Saturday, March 13, 2010

Day 4 – Guilin

The evening fishing demonstration was fantastic, but difficult to take pictures! Here is a man in traditional gear (The grass 'coat' keeps the rain off.) about to go fishing with his birds.

" The Reed Flute Cave was cool" says Lianne


Almost everyone in our travel group made the climb.

The view from the top of Piled Silk Hill.



2 choices of how to get up to the top of Piled Silk Hill.
Our friend, Leo, chose the more expensive route :-)

We climbed!

The park at Elephant Trunk Hill was fun.



Elephant Trunk Hill


This morning we walked out of the hotel and walked around a beautiful lake before breakfast. The mountains are even more beautiful than the pictures and surround the whole city of Guilin (population 700,000). This morning we toured Elephant Trunk Hill and Piled Silk Hill which are very popular tourist destinations. Everything has a wonderful tale attached to describe how it came to be. Elephant Trunk Hill is an elephant that originally came down from the heavens with the emperor. He became ill so the emperor left him behind and the elephant recovered and fell in love with the kind people of Guilin. The emperor became angry when the elephant didn’t return, and after a 7 day battle, he was killed when he went to drink from the lake (there is even a pagoda built on top of the hill that resembles a sword handle)
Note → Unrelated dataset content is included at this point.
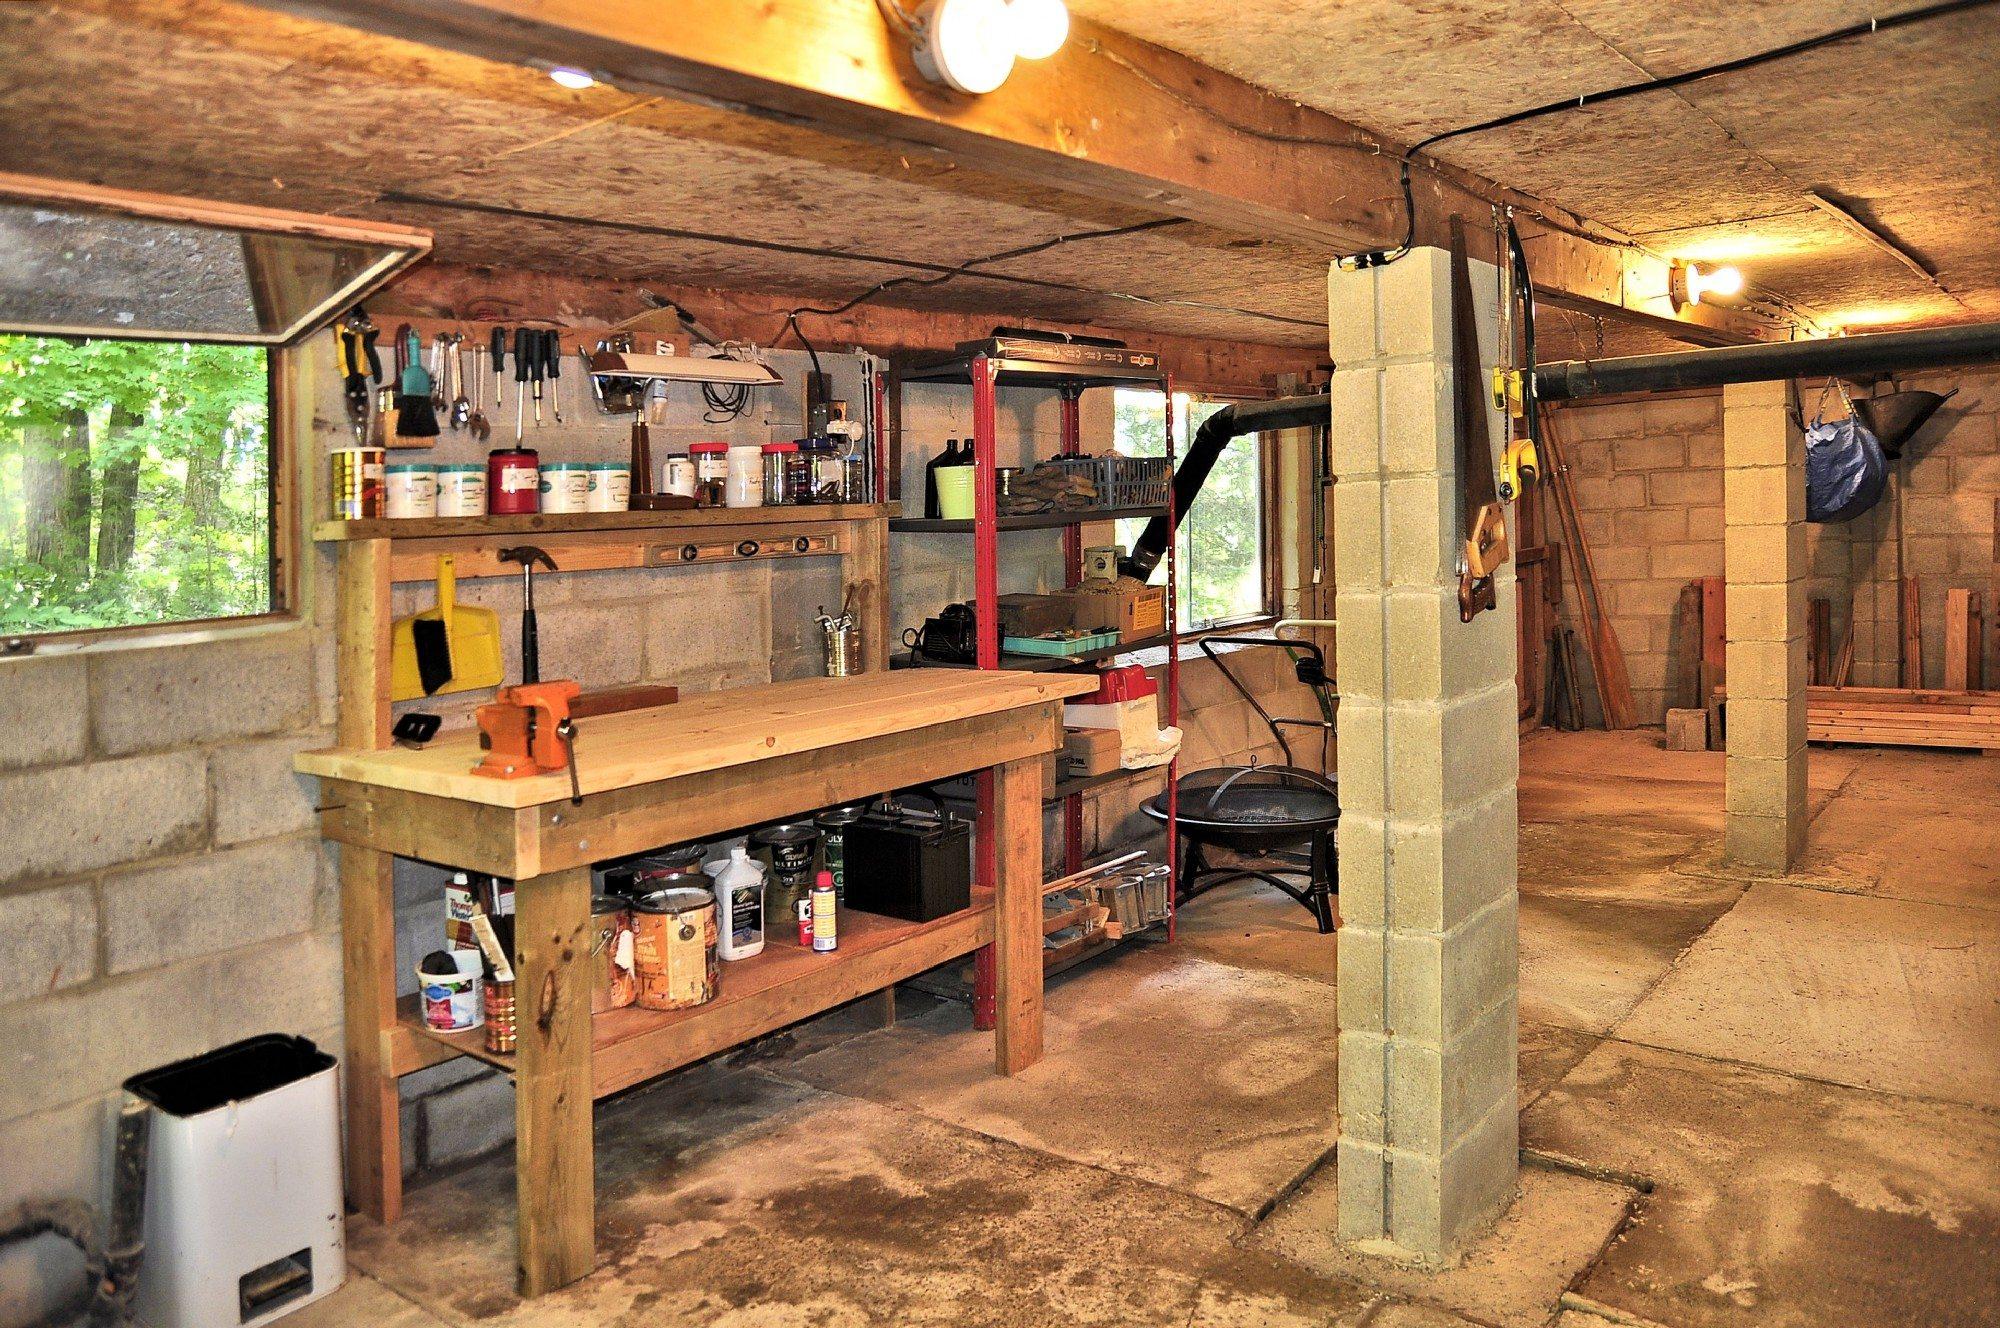 kawartha-lakes-cottage-for-sale-315-crego-lake-road-9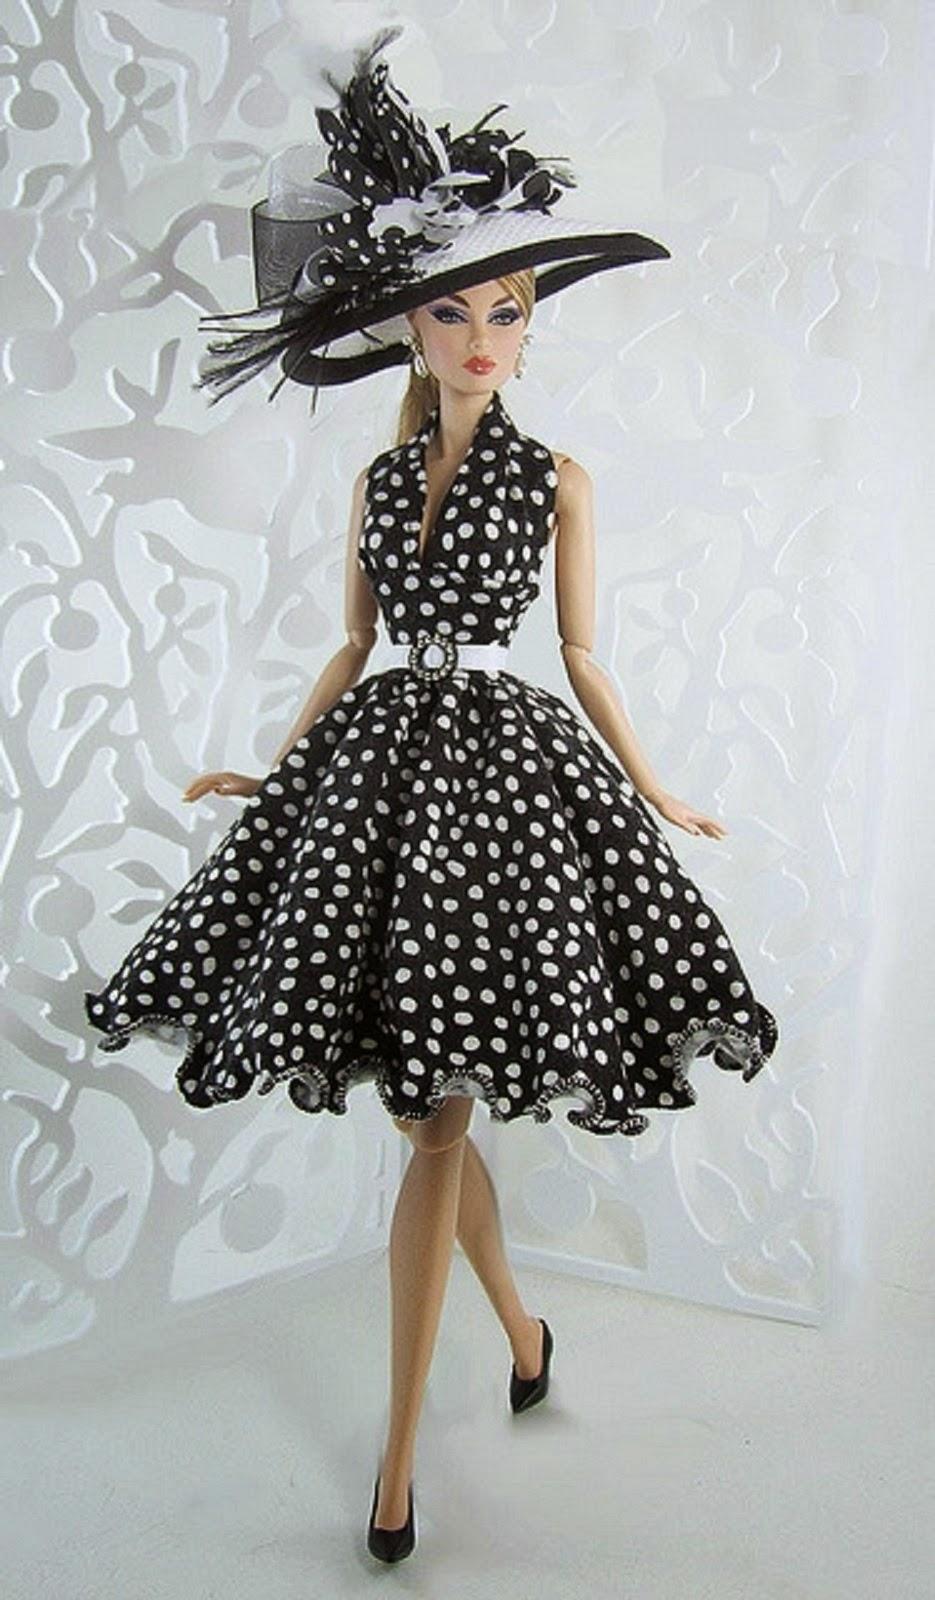 Cute Love Dolls Hd Wallpapers Very Cute And Beautiful Barbie Dolls Hd Wallpaper All 4u

Piled Silk Hill is named because the rock formation almost looks like folded fabric.

We had a wonderful authentic Chinese lunch back at the hotel, and then headed to Reed Flute Cave. The cave was enormous with many sections lit up to show what the rocks might resemble if you have a fantastic imagination (vegetables, mushrooms, old men with beards). It was absolutely beautiful.

There are reeds outside of the cave that they use to make flutes and whistles. Of course, every child in our group had to have one, so needless to say, the bus ride home was not a peaceful one :-)

Most of the group went out to a nearby restaurant for supper. Food was plentiful, and worked out to a whopping $2 per person.

In the evening, we went out on a barge into the middle of the Li River, and watched men on bamboo rafts fishing with Comorant birds. The kids were fascinated with the show, as the men demonstrated the ancient art of fishing with the birds. The birds had strings around their necks to prevent them from swallowing the fish they caught, but they still tried hard to swallow the fish before the fishermen squeezed the fish out and into their baskets. The children were reassured that these birds are very precious to the fishermen, and at the end of the evening would have the string removed and they’d be able to catch fish. We were also told that the birds were so important to the fishermen that when the bird died, they would be buried – not eaten.